An additional limitation of intervention trials is that they are costly and time-consuming to conduct. In contrast, risk assessments are relatively inexpensive and quick to conduct.

Conclusions

Risk assessment and intervention trials provide complementary approaches to the estimation of a community’s burden of disease attributable to drinking water. Risk assessments can provide estimates of low-risk situations; require data that are neither difficult nor expensive to collect; permit the evaluation of scenarios outside the conditions under which the data were collected and are therefore an attractive method for characterizing both existing and potential risk from contamination of drinking water; and can capture population-level processes such as secondary transmission. Intervention trials provide direct measures of AR within communities and provide risk estimates based on all causes of illness attributable to the drinking water.

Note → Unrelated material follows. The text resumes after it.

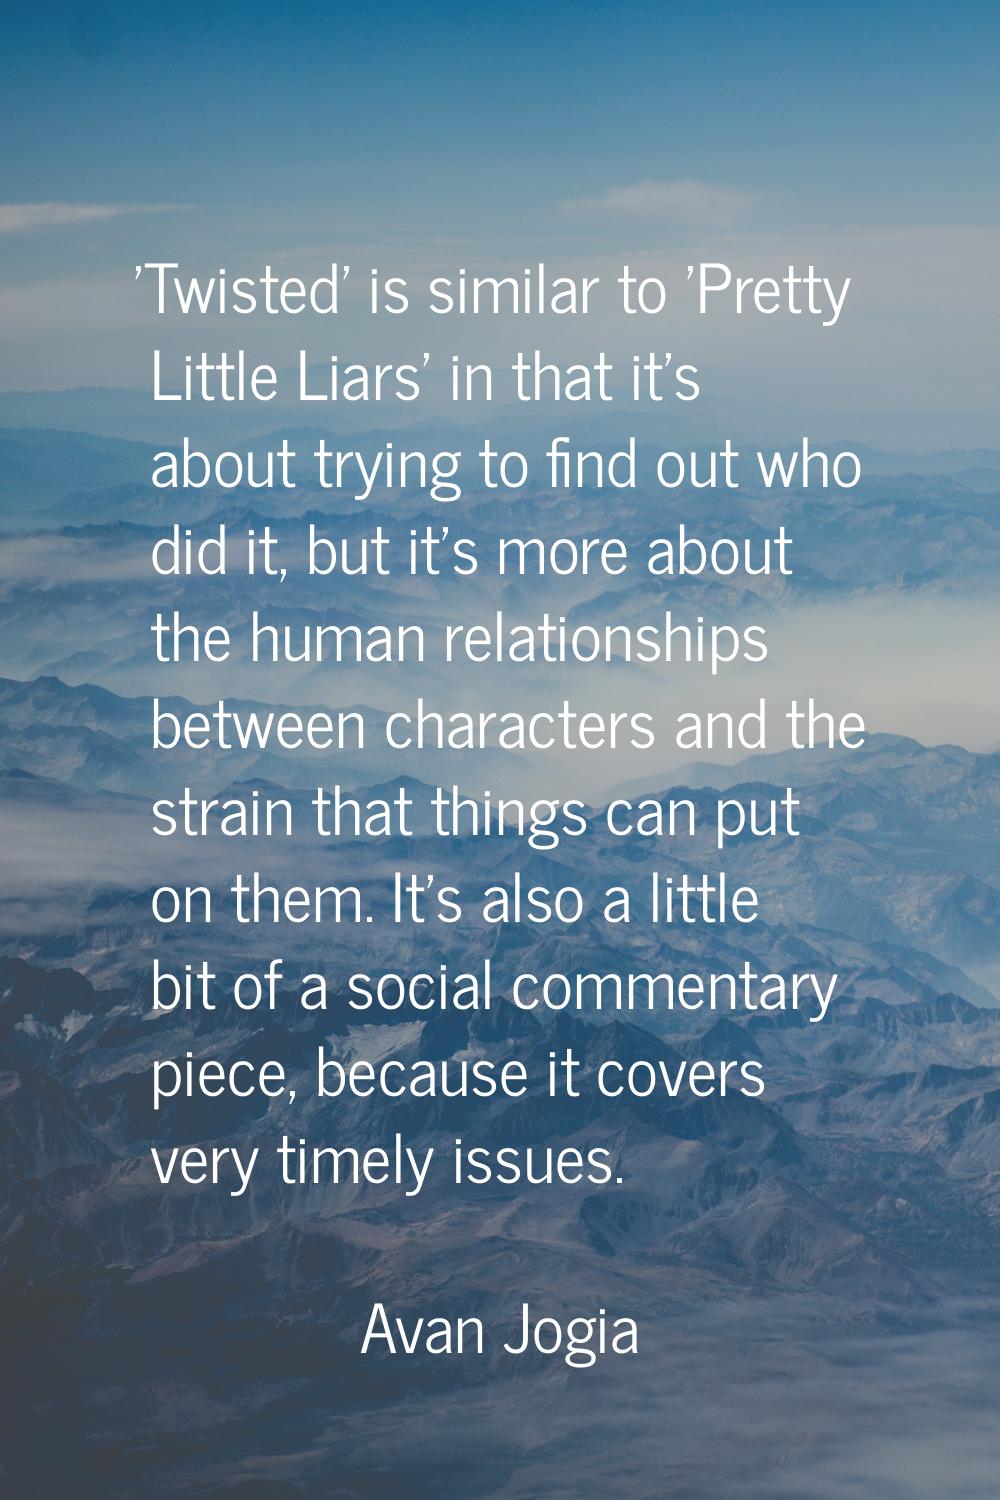 'Twisted' is similar to 'Pretty Little Liars' in that it's about trying to find out who did it, but

Even when point estimates of risk are not significant, these direct measures of risk can provide valuable upper bound estimates.

Given their expense, intervention trials must be judiciously applied. Risk assessments can be used to specify the conditions in which future trials are justified; that is, they can be used to identify high-risk conditions based on demographics, magnitude and sources of environmental contamination, and types of treatment processes. Risk assessment can also provide information on where are the important data gaps. In particular, this assessment pointed toward the importance of attaining site-specific treatment data and the clear need for a better understanding of viral removal by disinfection. Ultimately, the choice of risk assessment, intervention trials, or both methods used jointly to evaluate waterborne disease risks depends upon specific research needs and available funding.